サスペンスに始まり、コメディのごとく展開で潜入し、「そんなことある?」などと思っているとアクション&バイオレンスからの政治、環境、恋愛とものすごい詰まりっぷりで結局ものすごい引き込まれた。

二人が紡ぐこの物語にはあらゆる要素が渾然一体と詰まっていた。上映時間172分なだけある。

そしてなによりその根底にあるのは圧倒的な映画への愛だと感じられるのだ。

映画冒頭、「お前が芸術(シネマ)を選ぶのではない、芸術(シネマ)がお前を選ぶのだ」と表記される。

キルバイはまさに映画に導かれ、シーザーもまた映画に導かれ、それぞれの使命を見出す。

映画というものを軸に、ラストは思わぬところまで物語が飛躍してゆくのである。

その展開っぷりにもまたやられた次第である。

最終的にこの作品は「映画のあり方」、そして「歌舞音曲のあり方」にまでも迫ってゆく。

インド映画(に限らないかも知れない)が歌って踊らなければならない必然性すら感じられる作品なのであった。

そんなわけで大変おすすめの映画と言える。

また振り返っていて、音楽も大変良い。荒野を感じさせる雄大でどこか寂しげな曲、ダンスシーンに宴の音楽、そして何と言ってもシーザーの登場シーンの音楽(度々かかる)などなど、音楽監督はサントーシュ・ナーラーヤナン氏による音楽もどれをとっても印象的であった。

おわりに

ということで「ジガルタンダ・ダブルX」を観た!という話であった。

先週観た『侍タイムスリッパー』に引き続き、「映画そのものの映画」とも呼べる作品であった。

【映画】『侍タイムスリッパー』を観た!【おもしろすぎる時代劇】

どちらも大変おすすめである。是非観てみていただきたい。

ちなみにジガルタンダというのは舞台となった食都マドゥライ地方の有名なドリンクだそうな。

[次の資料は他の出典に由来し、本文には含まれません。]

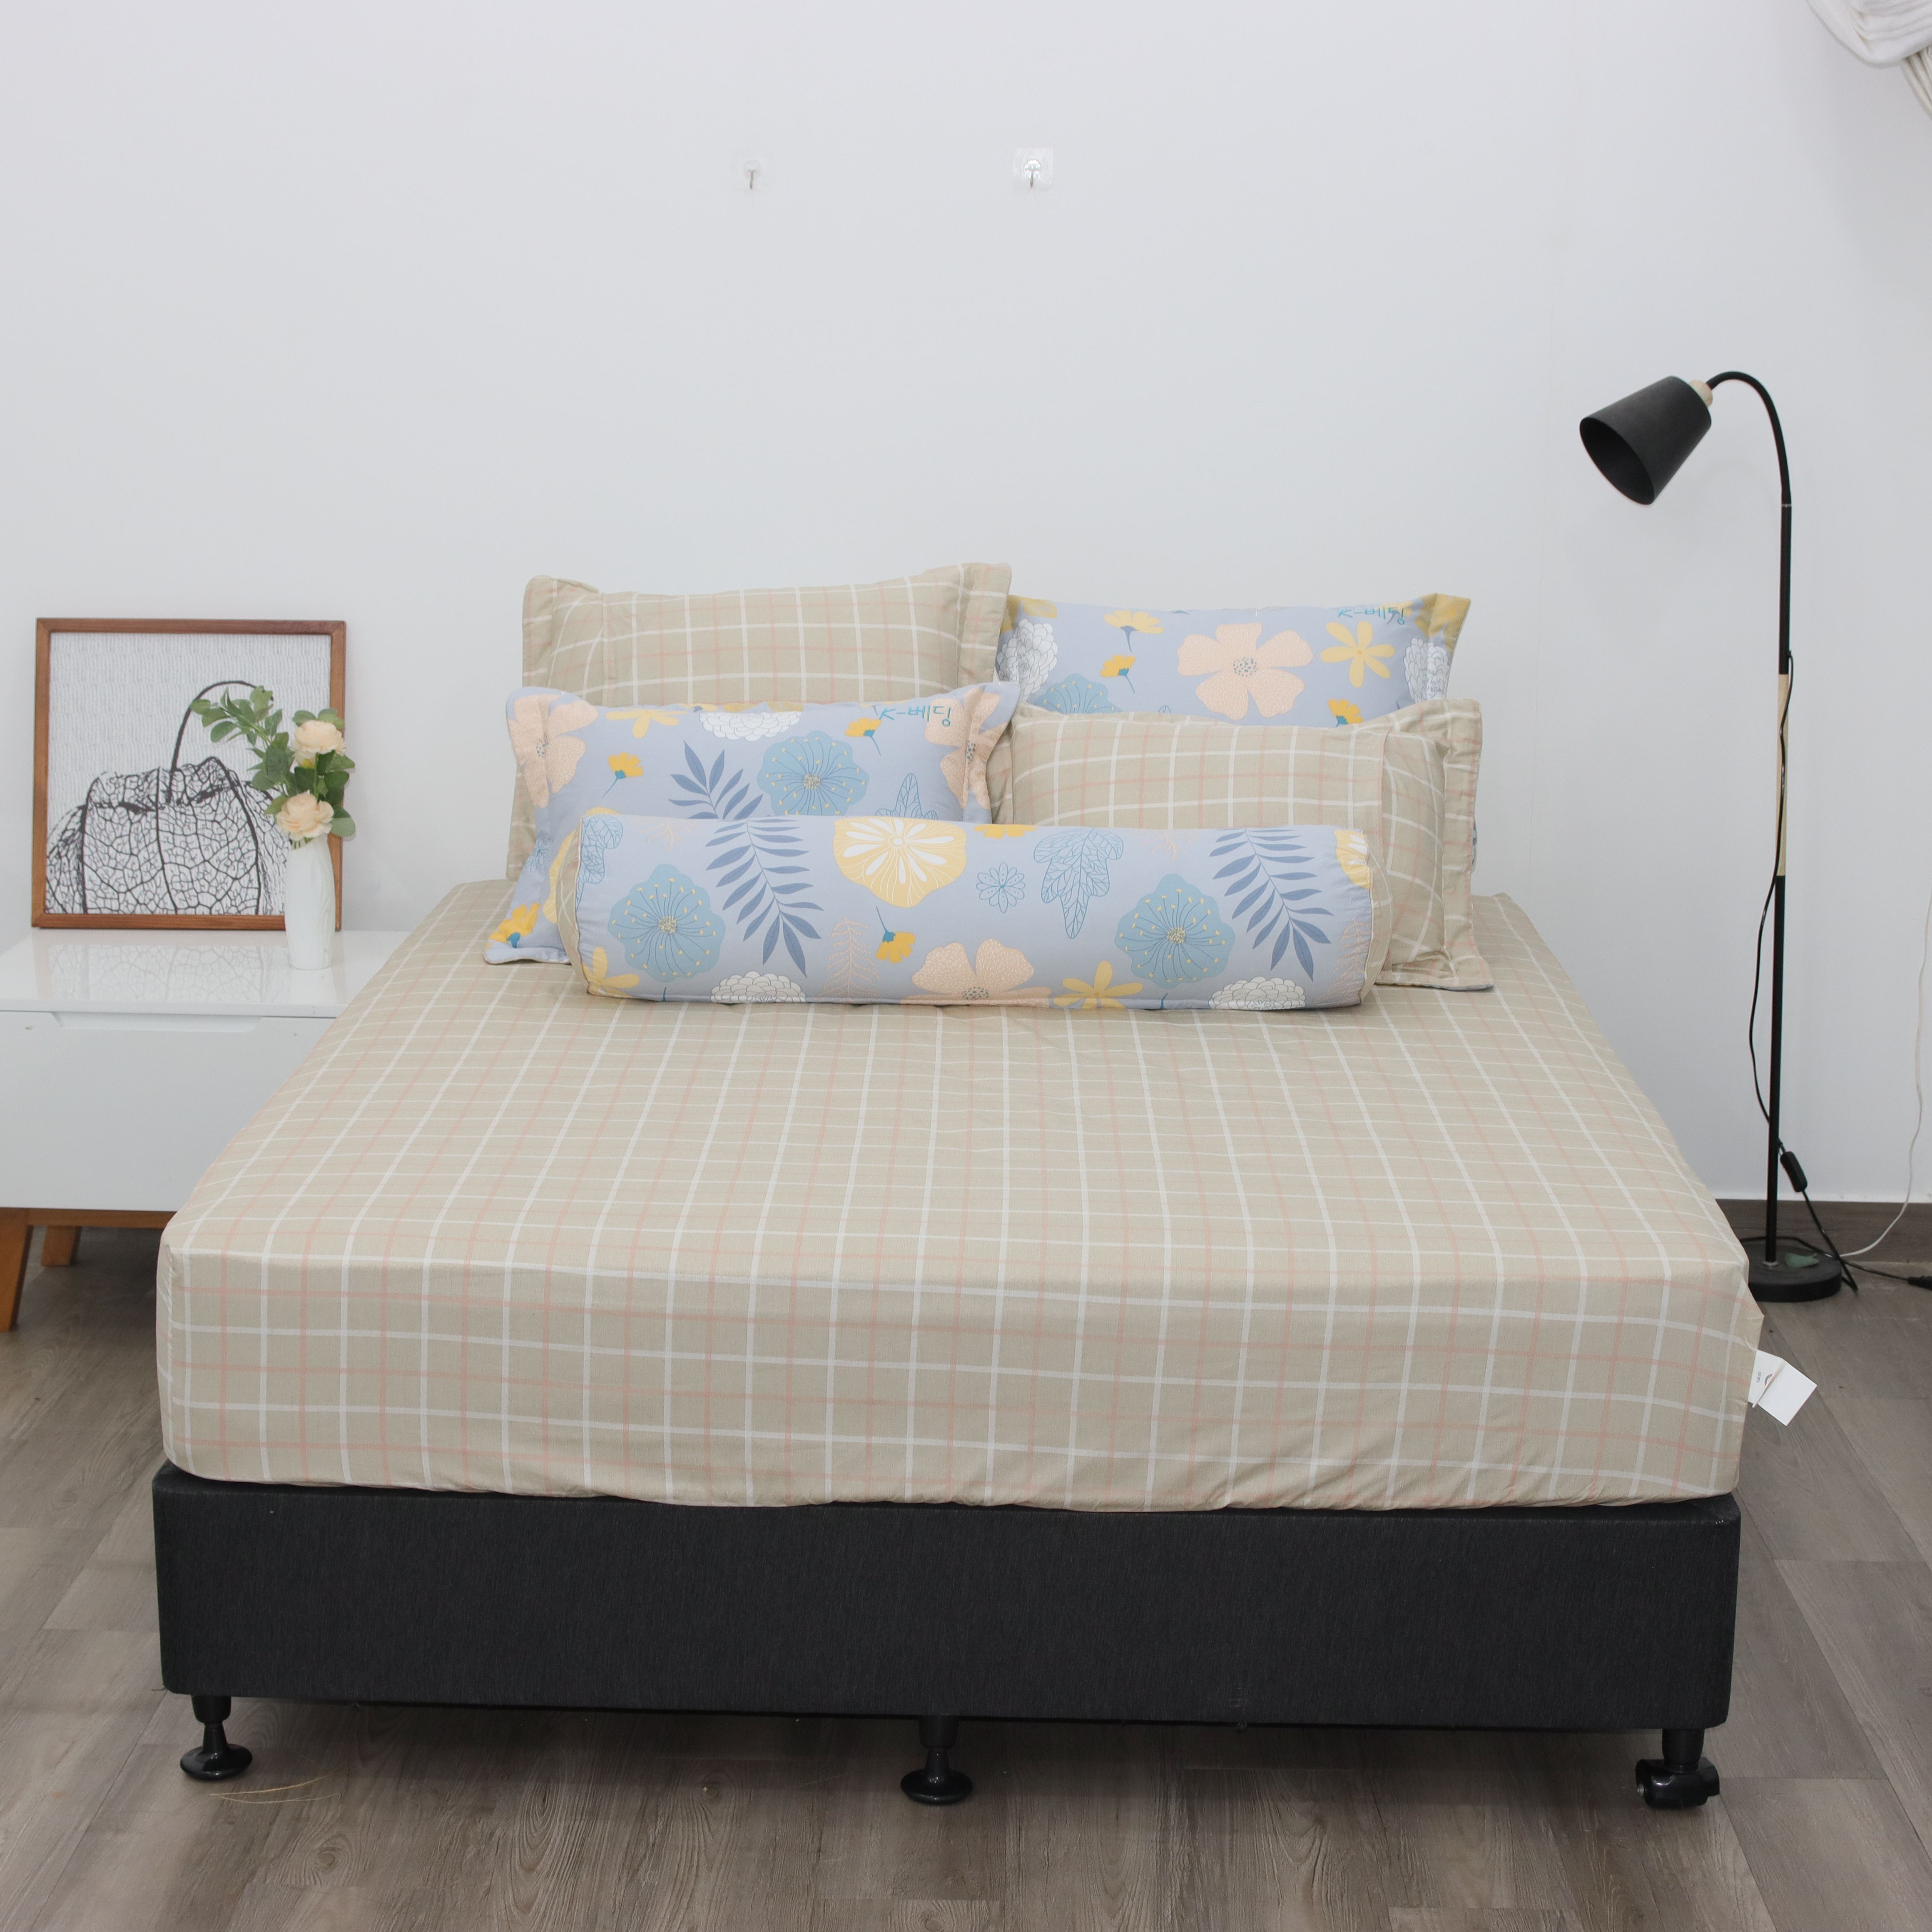 Bộ ga giường K-Bedding KCP chất liệu Cotton (KHÔNG BAO GỒM CHĂN)
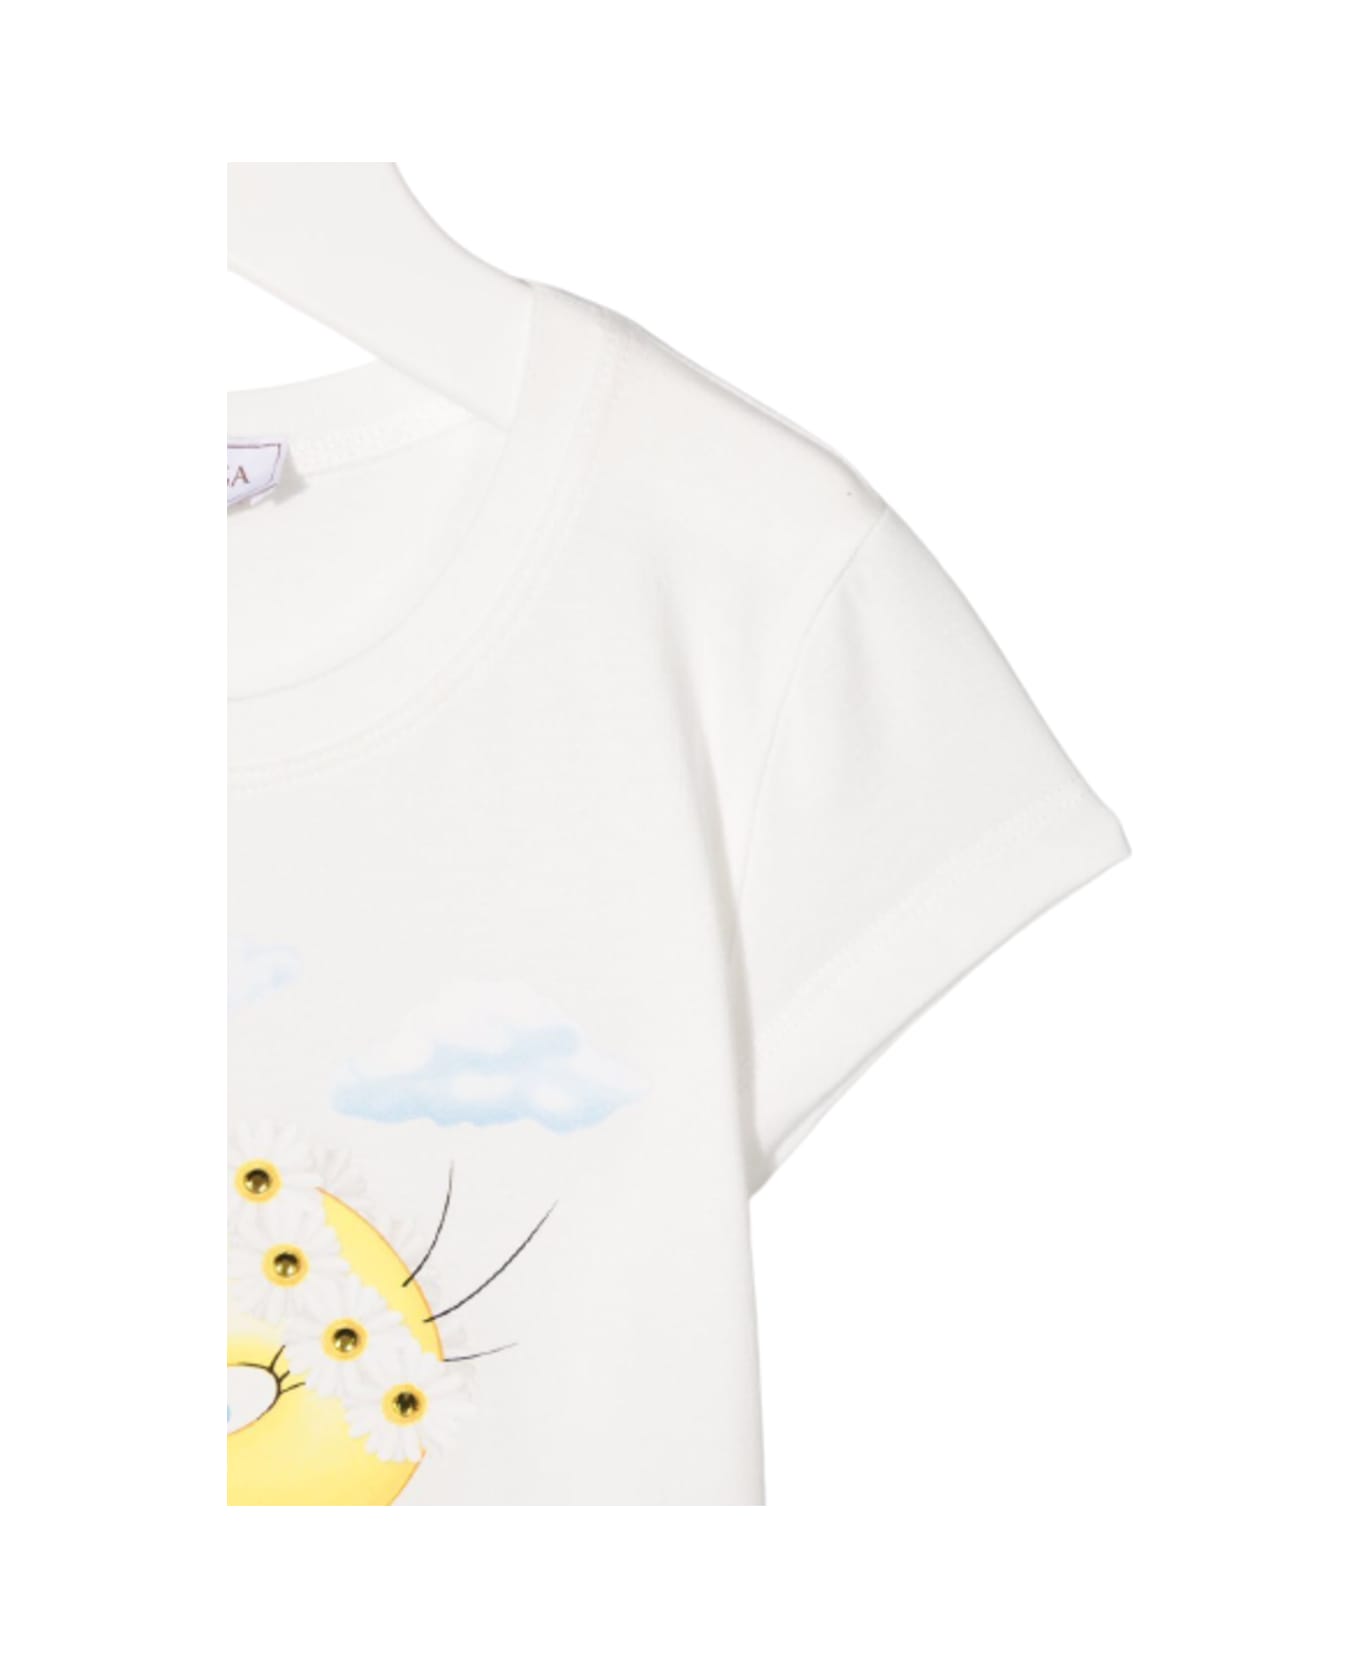 Monnalisa White Cotton T-shirt With Tweety Print - White

牛乳、アーモンド樹液の結晶、アイス、ナンナーリシロップ(つる植物から作るシロップ)を混ぜた酷暑期の風物詩とのこと。ひんやり美味しそうである。それにしてもジガルタンダ極悪連合というネーミングたるや(かわいい)。

ポストカードをもらった。
裏面。
チラシ表。
チラシ裏。
観たのはとあるイオンシネマであったが、後に柏のキネマ旬報シアターでも上映されていた。